• _SUPPLIED INFORMATION_
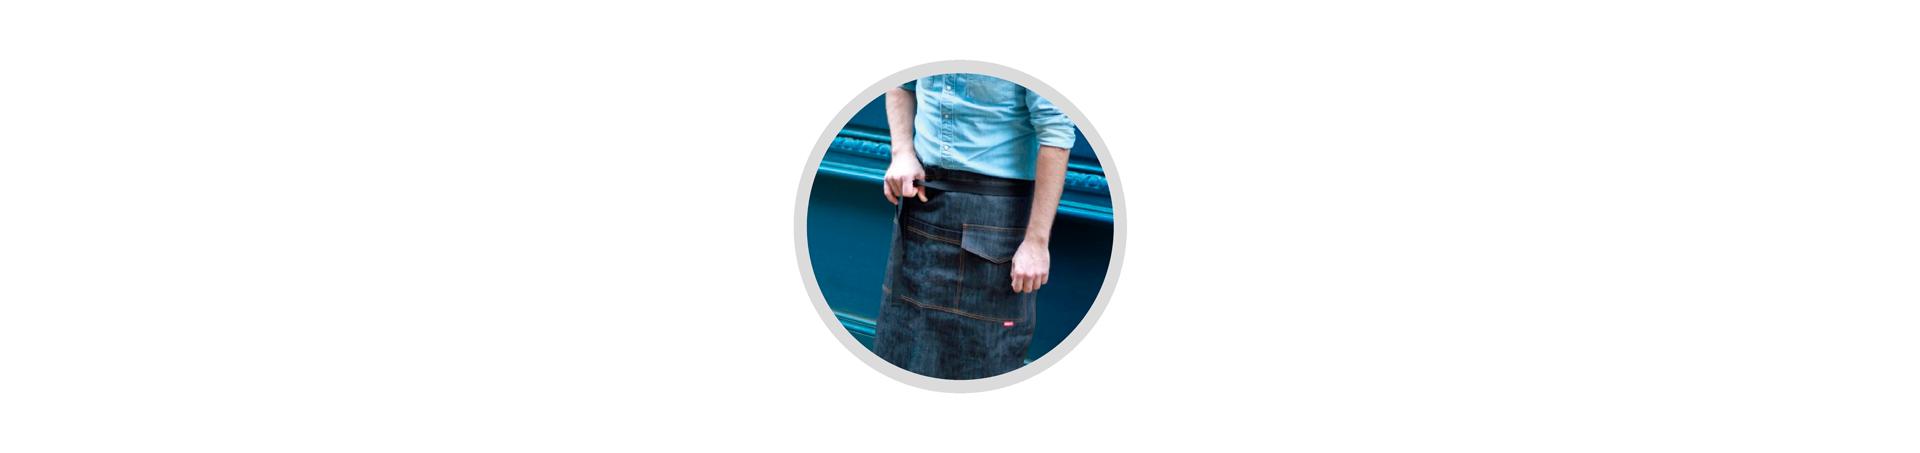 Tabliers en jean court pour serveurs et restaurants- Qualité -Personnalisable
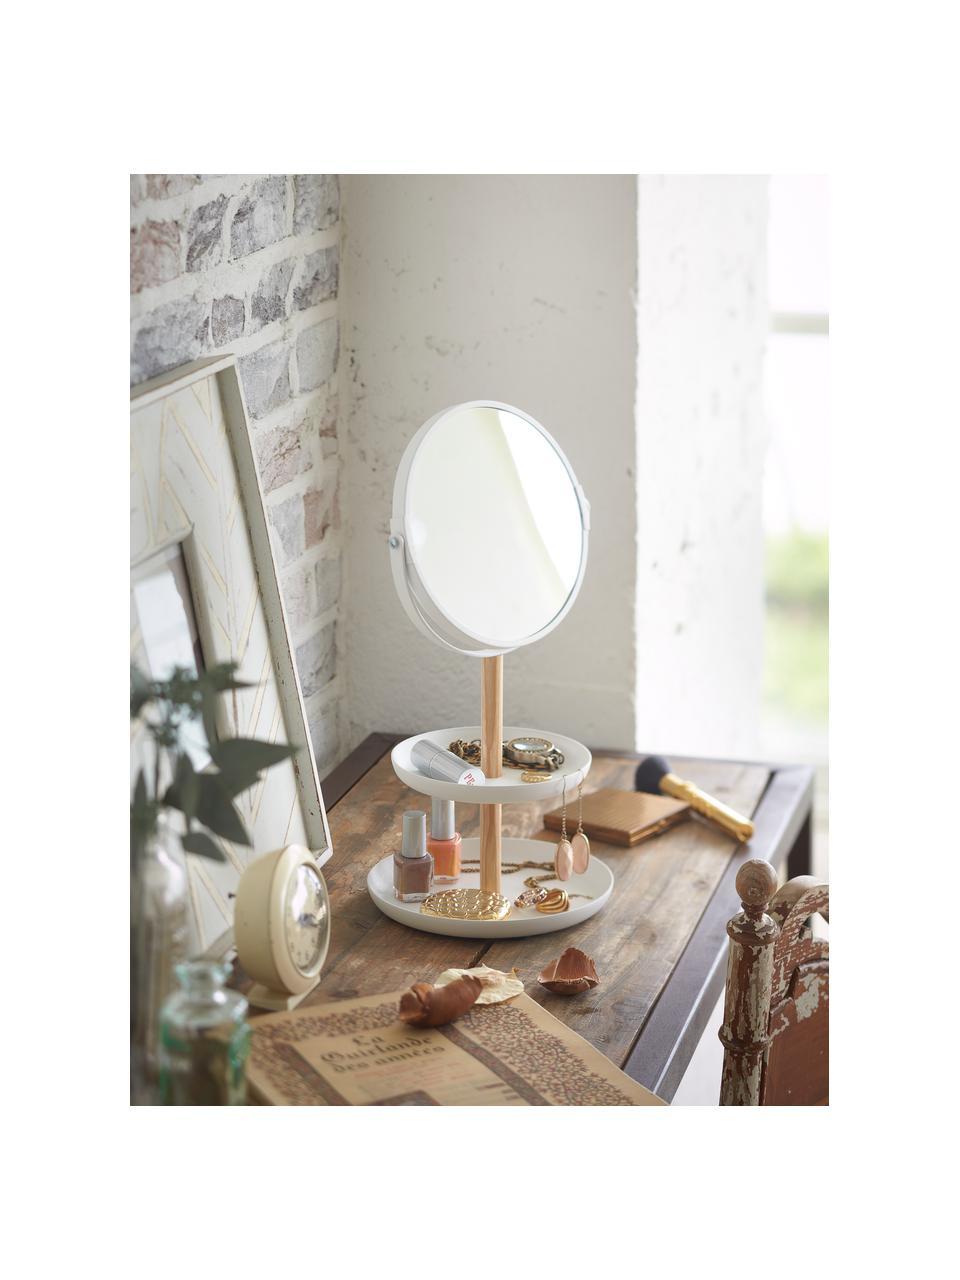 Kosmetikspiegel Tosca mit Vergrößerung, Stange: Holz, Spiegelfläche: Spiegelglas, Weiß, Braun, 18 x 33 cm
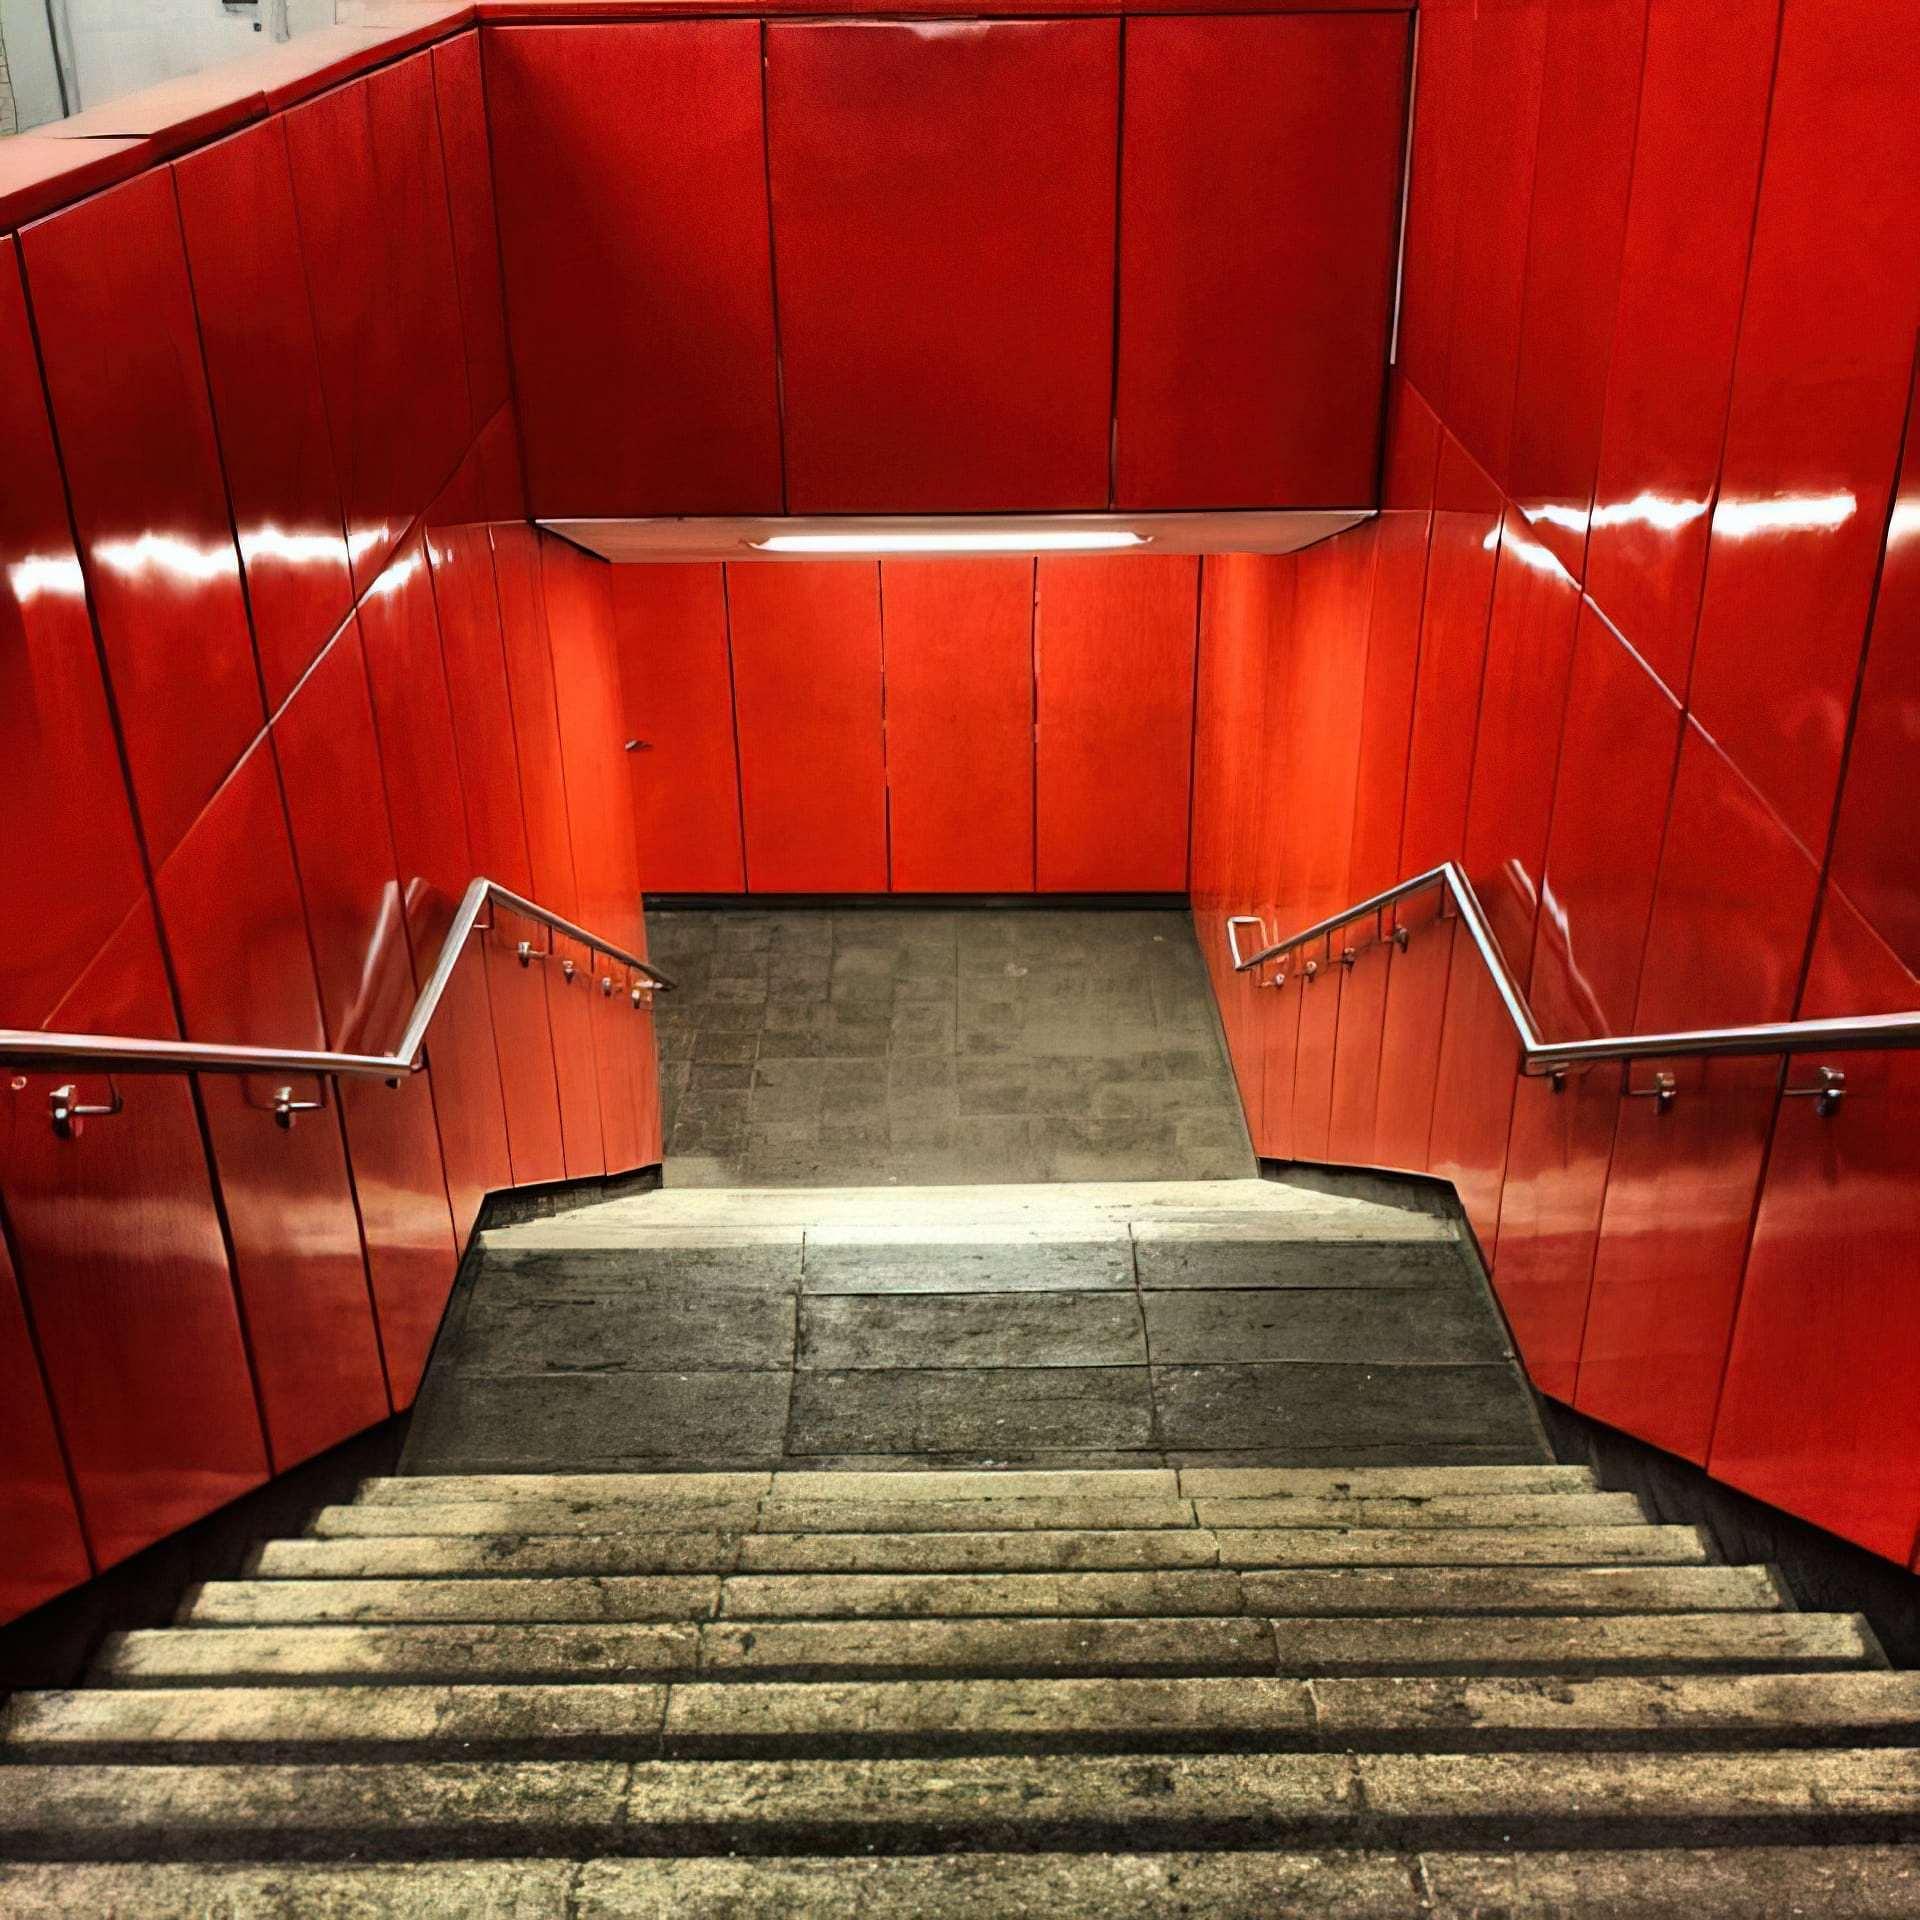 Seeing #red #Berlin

• _ASSIGNMENT_
Output only the lines that run from the line containing "Kosmetikspiegel Tosca mit" to the last line of the data, exactly as they stand and without pictures.

• _EXERCISE OUTPUT_
 Kosmetikspiegel Tosca mit Vergrößerung, Stange: Holz, Spiegelfläche: Spiegelglas, Weiß, Braun, 18 x 33 cm
 Seeing #red #Berlin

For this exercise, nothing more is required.